Sally also needs to have some subject areas to map to the projects in the business model. She could drag the entire business model, but a convenient way to accomplish this is to instead right-click the business model and select Create Subject Areas for Logical Stars and Snowflakes. This feature creates a subject area from each logical fact table.

Sally doesn't need to be concerned about the contents of the subject areas yet. All that matters is that each subject area maps to the logical fact table for the same project. However, she does name the subject areas based on the plan agreed to in the governance meeting: Sales Quota and Sales Revenue.

Sally now has enough content for the MUD administrator to create the first two projects based on the Revenue and Quota fact tables. To review, Sally has made sure that she meets the following criteria at a minimum:

  1. At least one logical fact table according to the governance plan, to anchor the projects. The columns of the logical fact tables need not be complete or even properly named, but they do need to be complete enough to map all the physical content.
  2. Enough logical dimensions so that the repository passes the consistency check.
  3. Physical content that maps to one or more logical fact tables, so they're included in projects.
  4. The subject areas needed according to the governance plan.

Set Up MUD Projects

In the fictional company example, the MUD administrator for Eden Corporation, Adam Straight, now handles the next few steps to create the projects and get them ready for checkout.

Adam Straight creates the MUD directory,RPD_main, where the master Oracle BI repository is stored. This master Oracle BI repository contains the superset of content for the developers. The users check their projects out of the master, and merge their project back into the master when they want to share their changes. Sally copies her started Oracle BI repository to the master folder so that Adam can create the first two projects, ProjRevenue and ProjQuota.
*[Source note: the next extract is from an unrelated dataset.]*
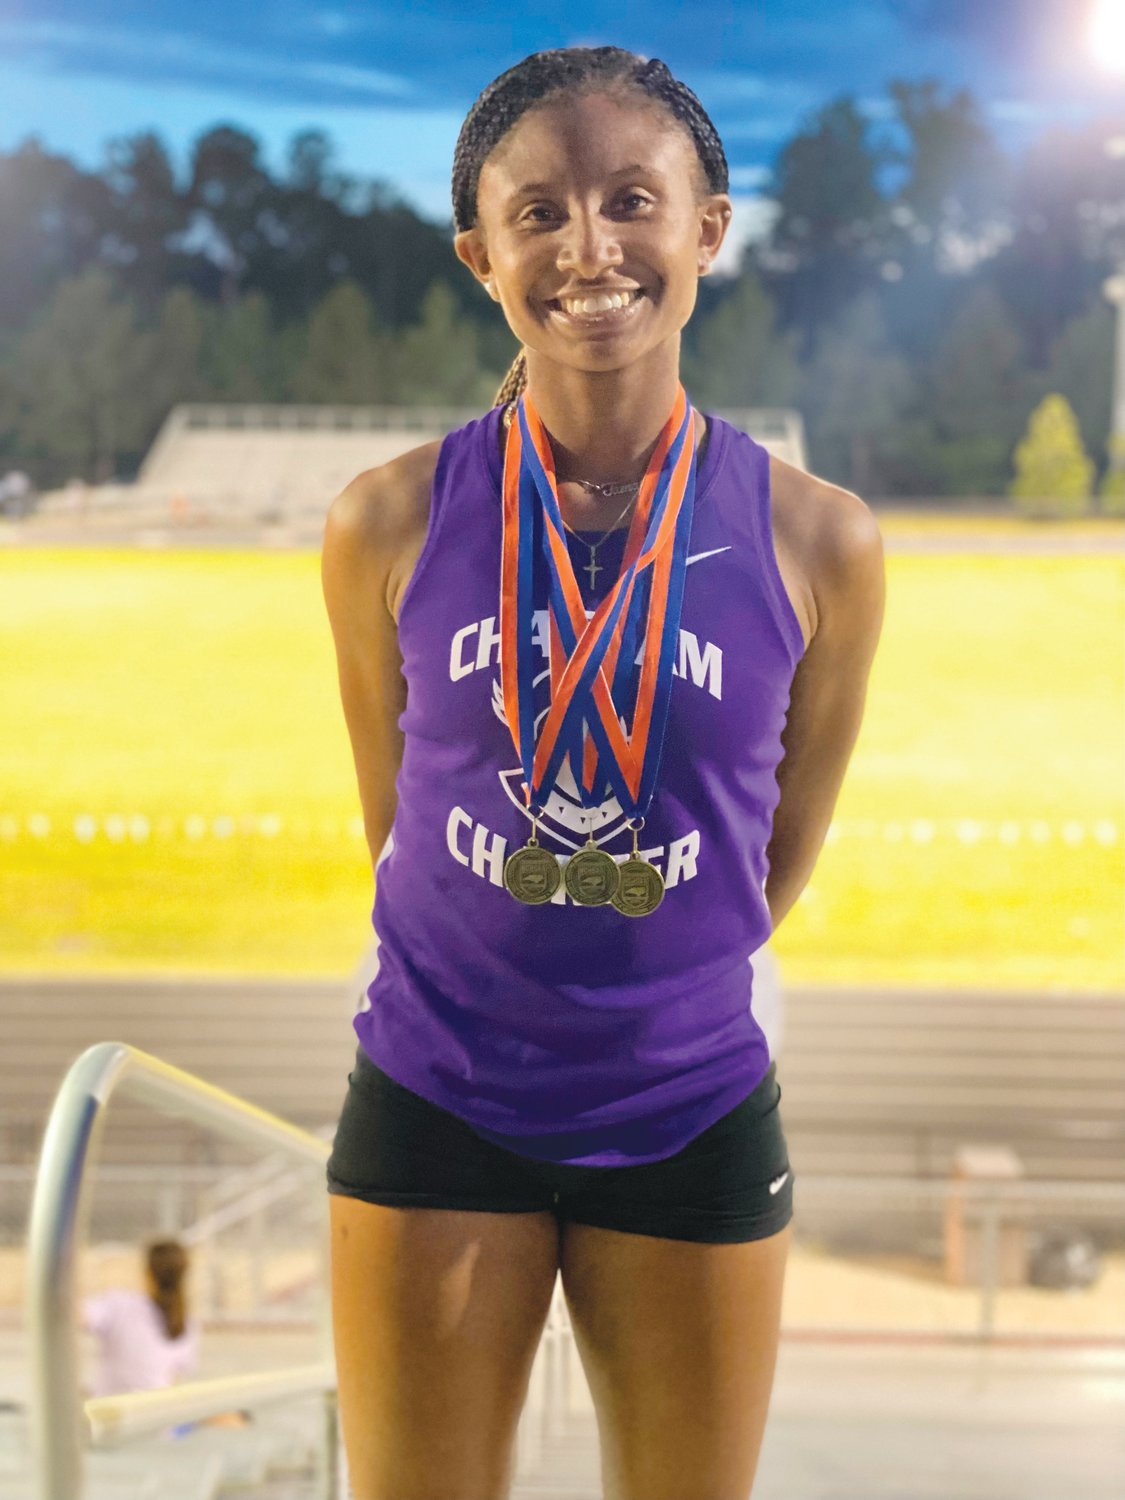 Chatham Charter junior Tamaya Walden poses with her three gold medals following her performance at the NCHSAA 1A Mideast Regionals at Franklinton High School on Saturday. Walden took first place in the women's 100-, 200- and 400-meter dashes, qualifying for states in all three events.

Adam opens the master Oracle BI repository in the Model Administration Tool and selects Projects. Then, in the Project Manager, he selects New Project. Adam names the project ProjRevenue and proceeds to pick the logical fact tables at the center of the project. The top object in the list expands to show the logical fact tables, but he has a choice of seeing them grouped by the Business Model to which they belong, or by Subject Area.

The image shows the different ways Adam can view the logical fact tables.

Adam decides to group facts by Business Model for convenience, although he could've used the Subject Area grouping to select the same fact table. He adds the fact table, plus the default application roles and subject areas specified for this project. Because there are no custom-defined application roles, users, variables, or initialization blocks yet, he can't yet add them to the project. Adam repeats this process for ProjQuota, the second project.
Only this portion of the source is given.